A multilateral fluid filled inflatable sealed packer utilizes a double layer inflatable sleeve (24) to extend into and seal off the junction in a multilateral well. The double layer elastomer (or reinforced elastomer) defines a material filling area so that subsequent to deploying the double layer elastomeric material into the lateral, an inflation material may be pumped into the void between the two elastomeric layers and a reliable junction seal can thereby be formed. The double layer elastomeric sleeve is generally run downhole in the inverted position (i.e., inside the transport tubing section) wherein the sleeve is maintained within a tubing segment having a premachined window. The double walled elastomeric section is bonded and/or otherwise sealed to the tubing (20) around the periphery of the premachined window. A valve (28) is also disposed in the tubing in an area between the inner layer of elastomeric material and the outer layer of elastomeric material such that the filling material may be applied through the valve into a designated area. The elastomeric sleeve is deployed by pressuring up on the tubing strip and then is maintained in the desired position by a stabilizer. Alternatively the stabilizer itself deploys the sleeve. The stabilizer is preferably run subsequent to deployment of the elastomeric sleeve to maintain its position during inflating. Subsequent to the filling procedure the elastomeric sleeve is milled at the end thereof in order to connect to a preinstalled lateral liner. The invention provides advantages such as improved sealing over jagged or irregular windows unsuitable for other available sealing systems. Simple and efficient operation prolongs effective seal life. Further benefits include an uncontaminated junction, high pressure capability and unlimited seal length.

Description

CEMENT REINFORCED INFLATABLE SEAL FOR A JUNCTION OF A MULTILATERAL
Background of the Invention: Field of the Invention:
This invention relates generally to the completion of junctions between primary and lateral wellbores. More particularly, this invention relates to a new and improved method and device for sealing the junction of a branch wellbore extending laterally from a primary well which may be vertical, substantially vertical, inclined or even horizontal. This invention finds particular utility in the sealing of junctions of multilateral wells, that is, downhole well environments where a plurality of discrete, spaced lateral wells extend from a common primary wellbore. Lateral well drilling and production have been increasingly important to the oil industry in recent years. While lateral wells have been known for many years, only relatively recently have such wells been determined to be a cost effective alternative (or at least companion) to conventional well drilling. Although drilling a lateral well costs substantially more than its vertical alternative, a lateral well frequently improves well productivity by several fold. Lateral drilling provides the means for enhancing field economics by accessing and developing reservoirs that would otherwise be uneconomic to develop using conventional drilling and completion practices. Hydrocarbon reservoirs that are ideal candidates for lateral technology are those that are thin and limited in size, multi faulted, or naturally fractured. Other reasons for employing laterals are to address reservoir vertical conformance, oil and gas coning potential and sweep efficiency. Environmental issues, such as the number of drilling sites in sensitive areas can also be addressed with lateral technology. In addition, improved field development economics can be achieved in large reservoirs using multiple laterals by improving the productivity of individual wells thereby reducing investment and operational costs.
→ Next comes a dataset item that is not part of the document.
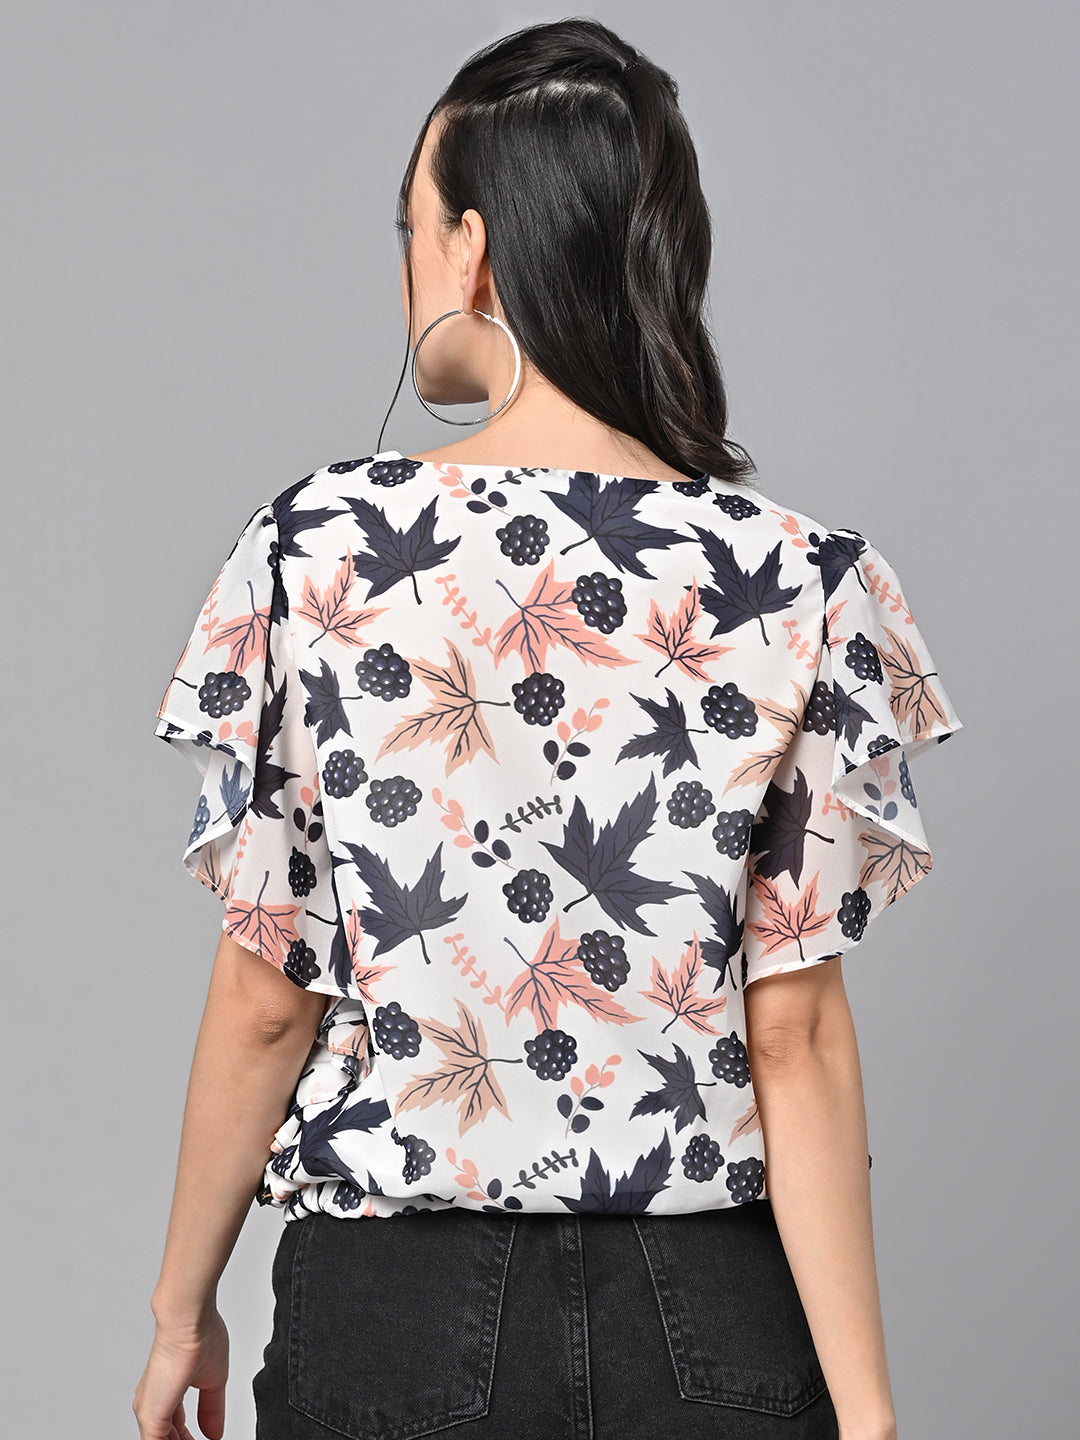 Valbone Women’s Digital Printed Georgette Top With Short-Sleeves
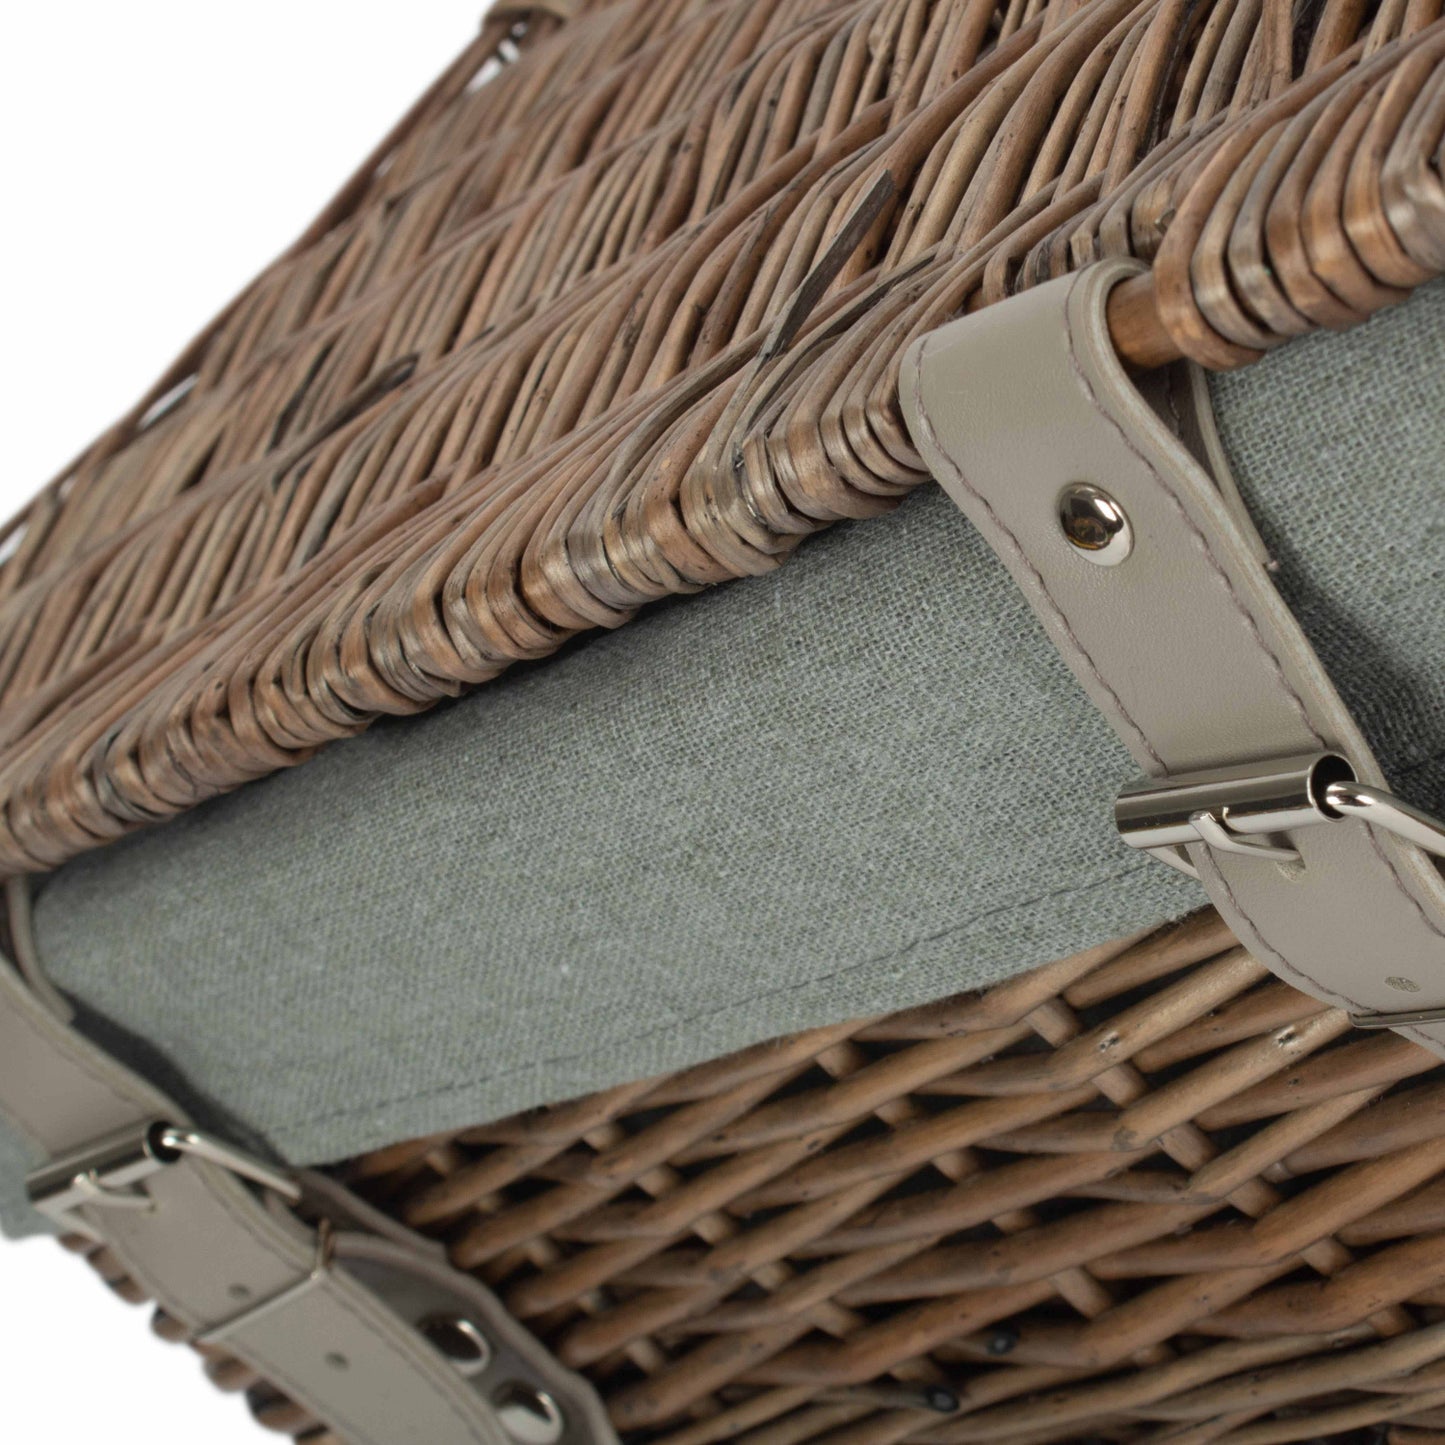 14 Inch Empty Wicker Hamper Basket - Antique Wash - Grey Sage Lining

Some wells contain additional wellbores extending laterally from the lateral . These additional lateral wells are sometimes referred to as drain holes and primary wells containing more than one lateral well are referred to as multilateral wells.
Multilateral wells are becoming increasingly important, both from the standpoint of new drilling operations and from the increasingly important standpoint of reworking existing wellbores including remedial and stimulation work.
As a result of the foregoing increased dependence on and importance of lateral wells, lateral well completion, and particularly multilateral well completion have posed important concerns and have provided (and continue to provide) a host of difficult problems to overcome. Lateral completion, particularly at the juncture between the primary and lateral wellbore is extremely important in order to avoid collapse of the well in unconsolidated or poorly consolidated formations. Thus, open hole completions are limited to competent rock formations; and even then, open hole completions are inadequate in many cases since there is limited control or ability to re-access (or re- enter) the lateral or to isolate production zones within the well. Coupled with this need to complete lateral wells is the growing desire to maintain the size of the wellbore in the lateral well as close as possible to the size of the primary wellbore for ease of drilling and completion.
Conventionally, lateral wells have been completed using either slotted liner completion, external casing packers (ECP's) or cementing techniques. The primary purpose of inserting a slotted liner in a lateral well is to guard against hole collapse. Additionally, a liner provides a convenient path to insert various tools such as coiled tubing in a lateral well. Three types of liners have been used: (1) perforated liners, where holes are drilled in the liner, (2) slotted liners, where slots of various width and depth are milled or wire wrapped along the liner length, and (3) prepacked liners.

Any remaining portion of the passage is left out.